I'm really proud of Matt.  He has earned many awards at work for excellence.  He has put his all into his job performance and it shows to the outside looking world.  I am thankful for his work ethic.  Not because I am a bragging parent.  I just really like who he has become.


He isn't one to wear his emotions on his sleeve, but I know he is a thinker.  He has strong convictions, that don't always go along the popular path.  But, he has thought them through and he stands behind them.  I appreciate that.  He would be a good debater.  (not an arguer, but rather just one to present a position and back it up thoughtfully.)   While he isn't quiet, he is an ENFJ (Extroverted - Intuitive - Feeling - Judging) after all, but he does keep his thoughts and emotions to himself, and drawing him out takes time and patience.  I am always so thankful for those times when he is willing to let me in and see things from where he stands - from his side of the world.

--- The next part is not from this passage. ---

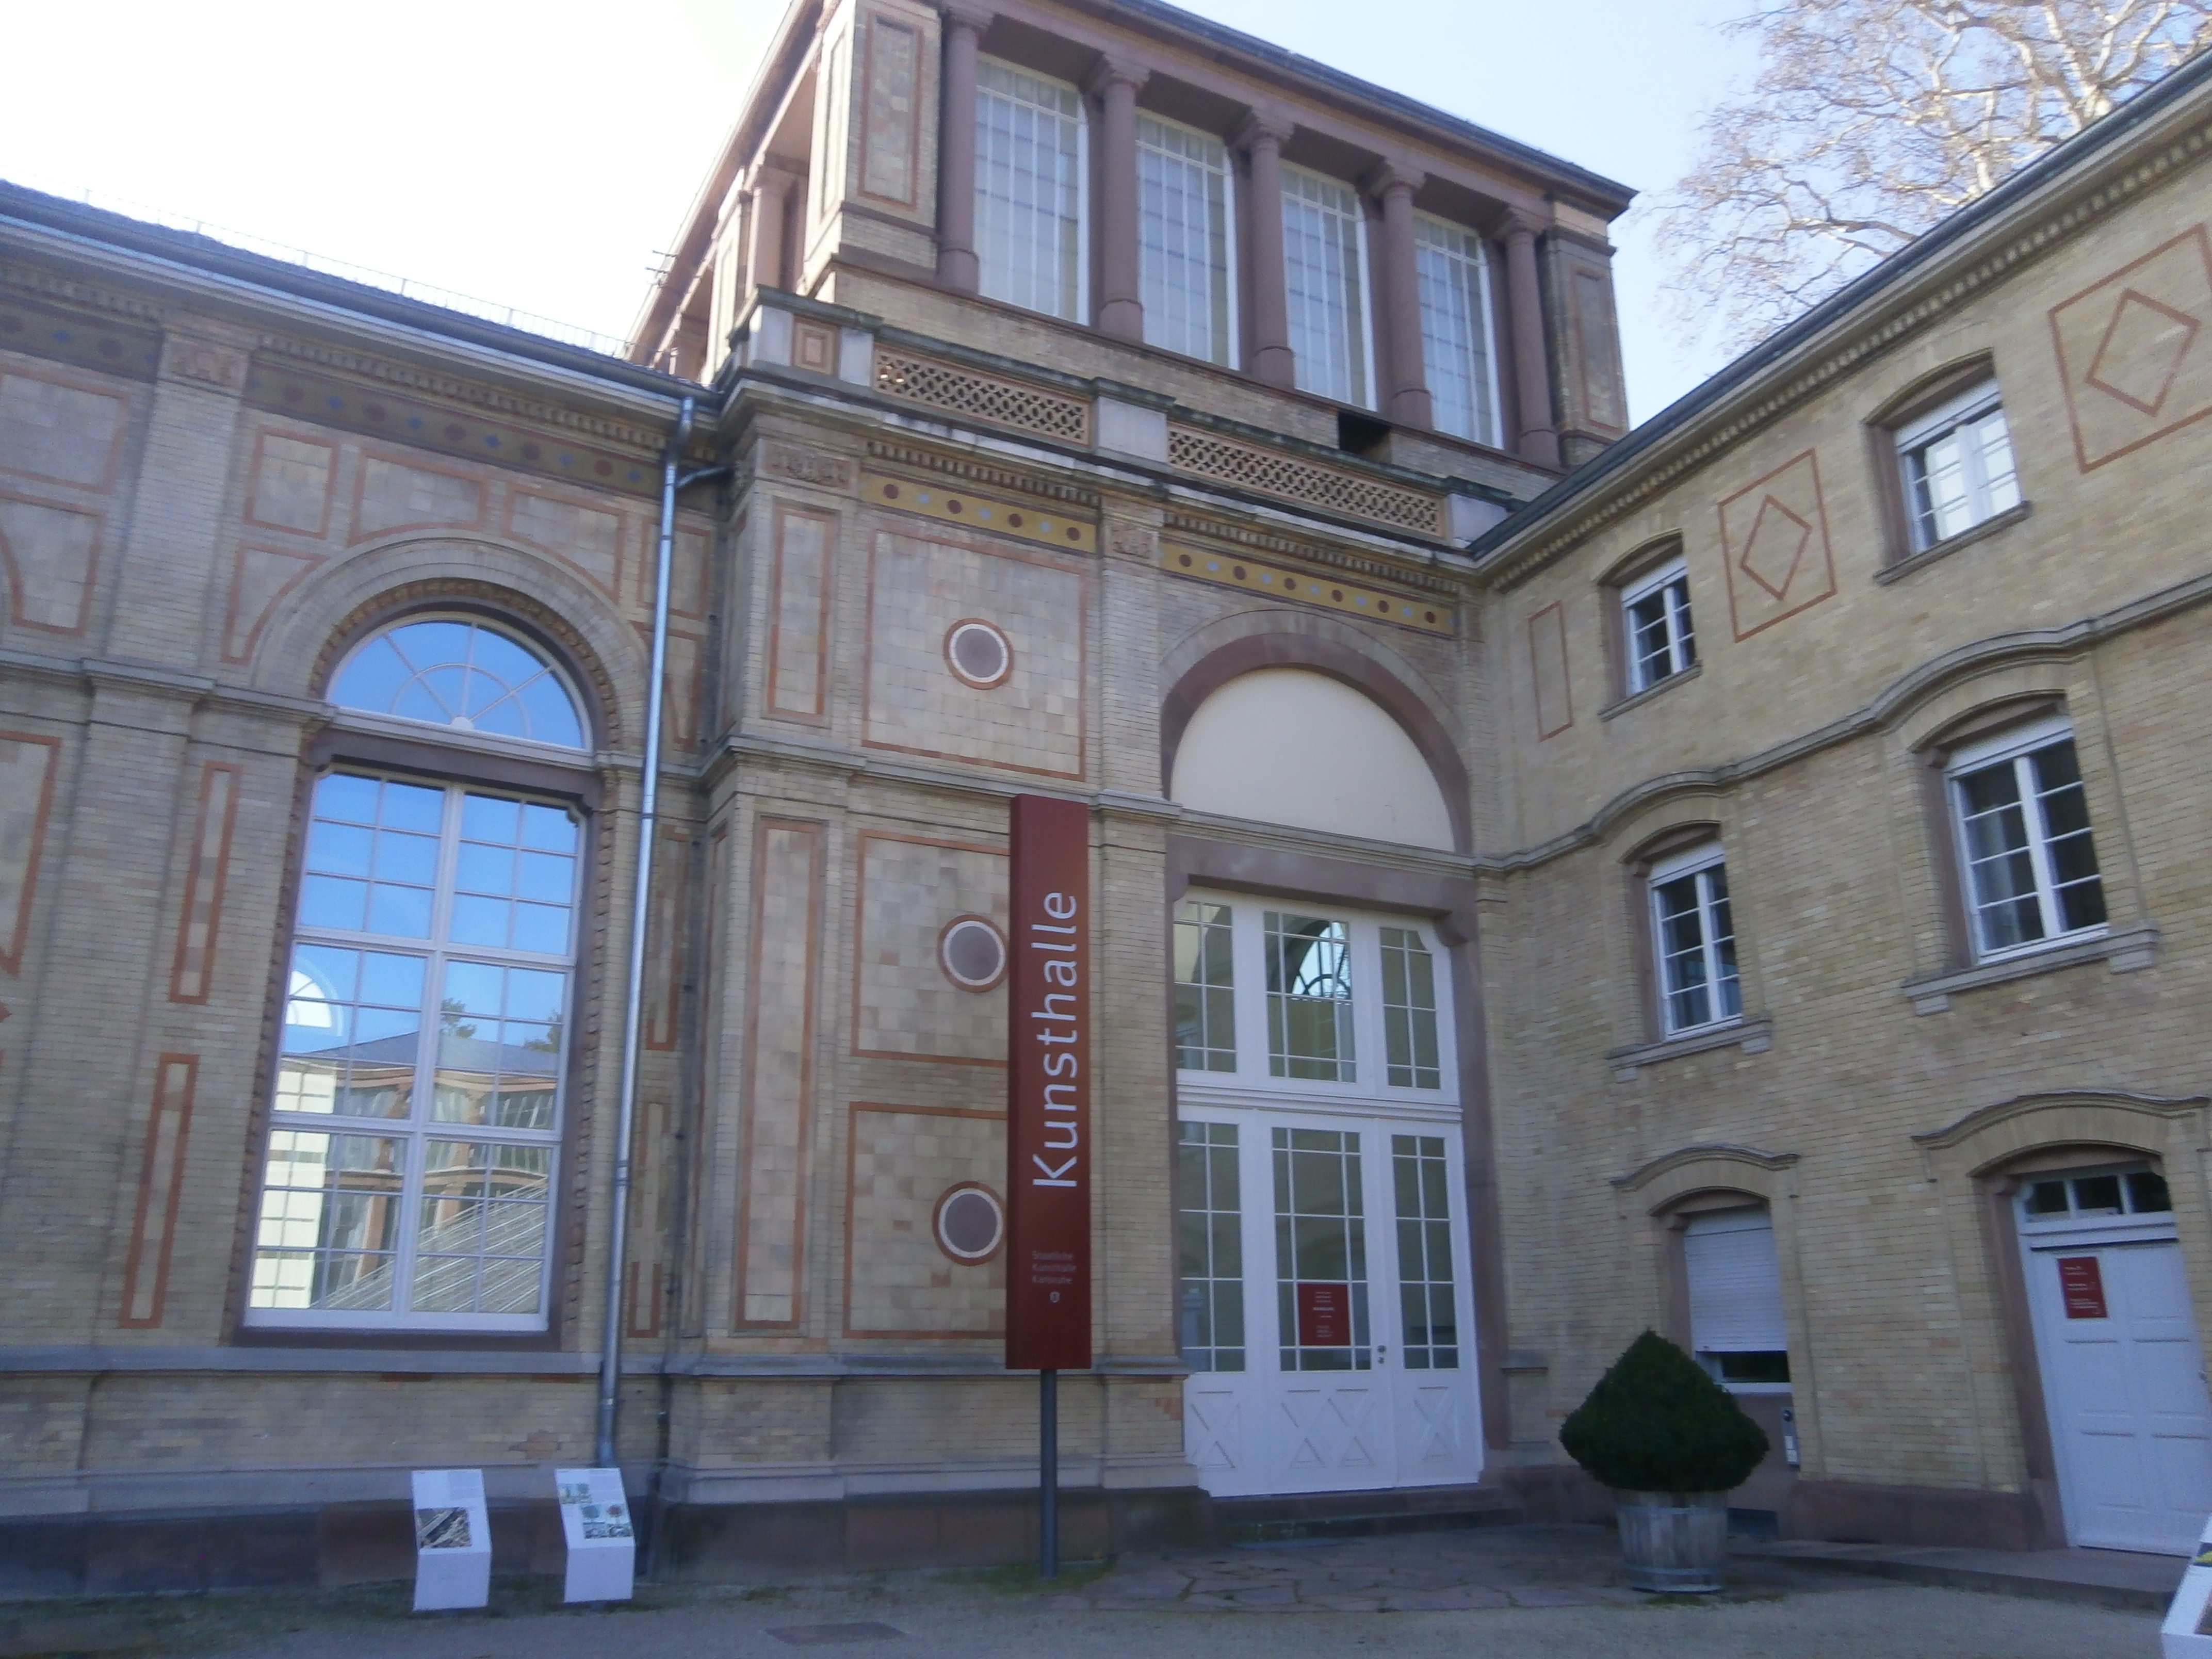 Bild 12 Staatliche Kunsthalle und Orangerie in Karlsruhe

I know our time with him at home is limited.  Soon he'll be off on his own, and that is good and as it should be, but why does it pull on my heart strings so much?  Maybe because I fear that time apart will drift us apart.  I don't know.  But for now... he is here and I am so thankful for this "gift of God". 

Friday, April 13, 2018

Visitors...

Last month we had some special people come to visit.  Both just wanted to see for themselves that Hannah is indeed alive and healing. 
Neither Sarah nor Grammy planned their trips to overlap, but they did for a few days, which was great for both of them being coasts apart. 
While Sarah was here, she helped me by taking over school lessons while I took Hannah to therapy appointments. Grammy spent time getting to know the kids again.  They have changed so much since she was here five years ago.   


It was a pretty low key time, which as it turned out was what we all needed. 

We did, however, take Grammy to our favorite coffee house.  Since it's just down the street from the hospital where Hannah has her therapy, we thought we would take her and pass the time of her appointment by playing some games all the while introducing Grammy to the world of specialty coffee.

We brought sketch pads too.


even hot cocoa get's latte art. 😍

Games we brought:   Go Fish, Snappy Dressers, and Story Cubes





It was fun to show her a day in our life...



Even though it was a rather ordinary visit, it was sprinkled with special moments.